On September 15th 2023, I crossed the border of my 49th state. Oregon completes the lower 48 states portion of my life long itinerary for visiting all 50 states. Only Alaska remains. I'm pretty sure that visit will not be on a motorcycle. The globe looks small when it is reduced to a map, but compared to a speck on two wheels, the distance is adversarial.

As a result of the intimacy between myself and Nature, an idea was born somewhere between the mountain ranges and the ancient ocean floor of the West. It entered my mind that it would be an interesting business to use a tour bus like rock stars to to travel between gigs like a rolling BnB. It could drag a trailer full of motorcycles and gear.

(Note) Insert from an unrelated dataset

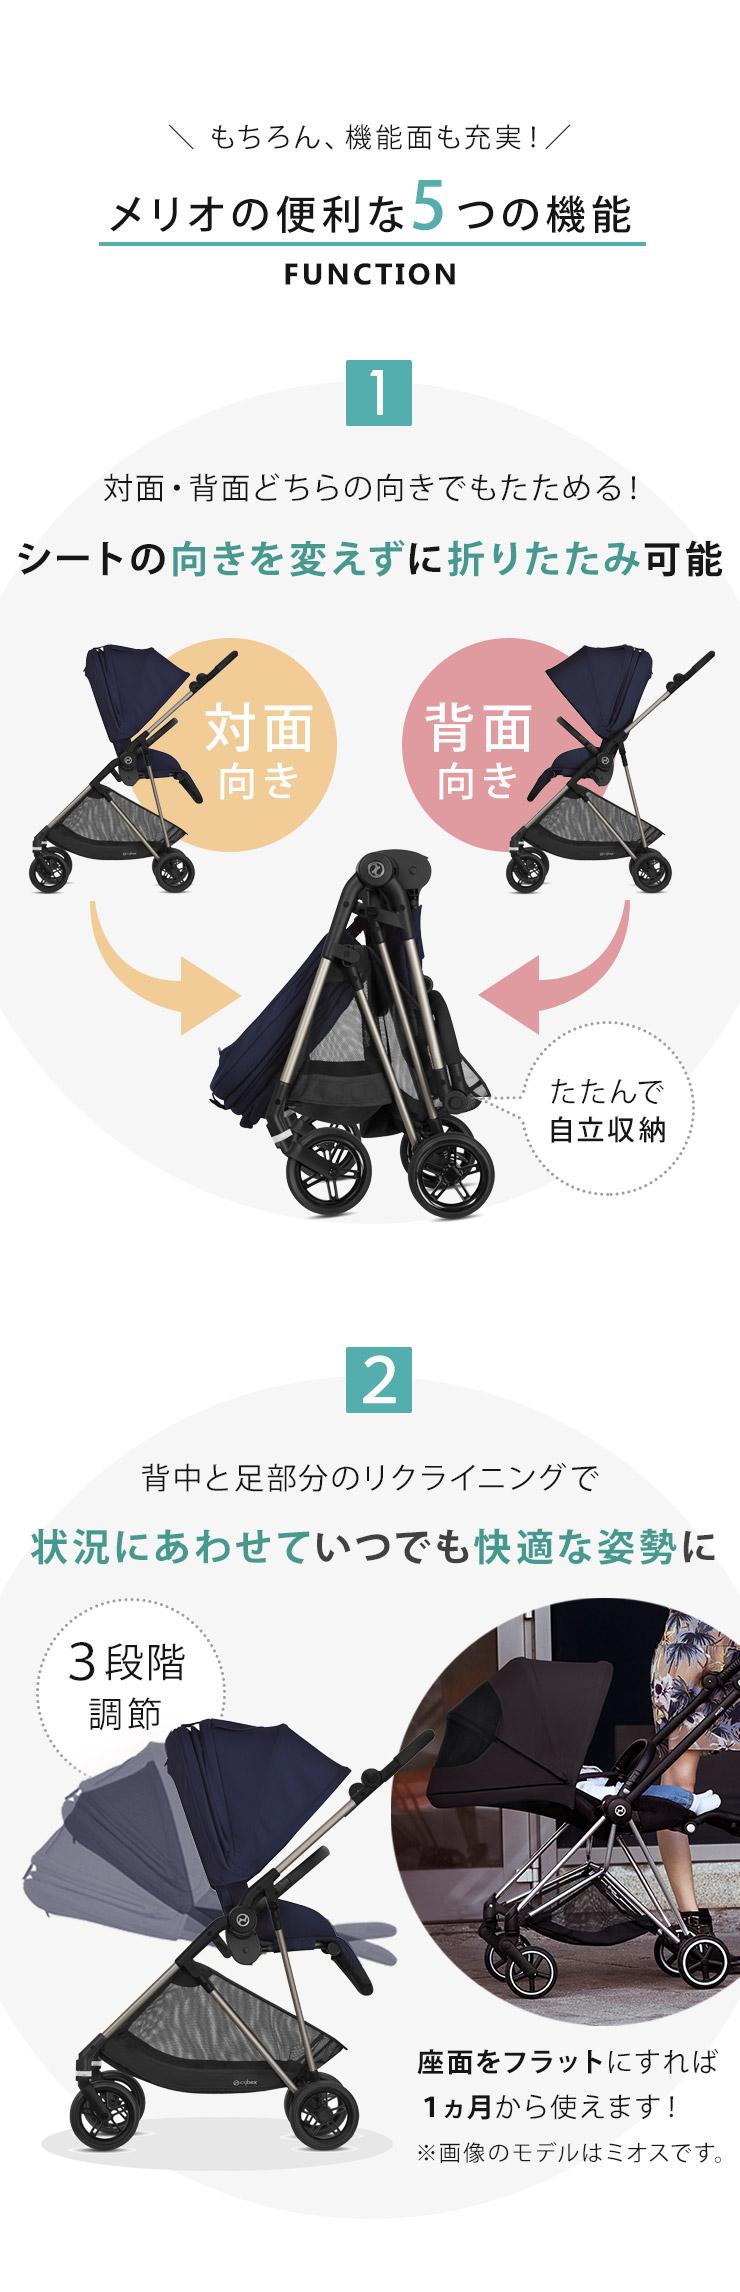 サイベックス ベビーカー メリオの5つの機能

The rolling BnB (RBnB), would carry its guests across vast distances to motorcycle excursion attractions. So, when the RBNB comes into the vicinity of a fun place to ride, the guests would take the motorcycles and the RBNB operator would meet them on the other end of the ride. This is the idea for a business, but the idea could be for an RV owning couple too. One spouse could ride while the other drives the RV to the other end of the excursion. It's something to think about. I'm not good at creating alliances or cutting through bureaucratic red tape that creating a legal business takes. This child is born. All I need is partner(s) to help raise it.

Something else that entered my thoughts and distracted me from the drudgery of the wind gusts: People poo poo EV's over range anxiety. Out in the middle of nowhere, I suddenly became aware of the extreme number of cycles that many moving parts endure to transport a motorcycle and operator with an internal combustion engine over thousands of miles. At some point it's going to break. I know EV's aren't up to par when it comes to long distance travel (yet), but really cognitive bias has to be masking range anxiety that should lurk in the minds of ICE operators. Moving parts wear out and have defects and there is no guarantee.

Lastly, for this post, I noticed the ancient ocean floor in the inter-mountain West is covered by sage brush and white-ish mineral sands. There has to be at least a couple of giga-tons of lithium among other minerals laying on the surface of the deserts. I don't know. I'm not a geologist or a chemist, but I'm guessing their could be a battery chemistry out there that is yet undiscovered. Somebody should get on that idea.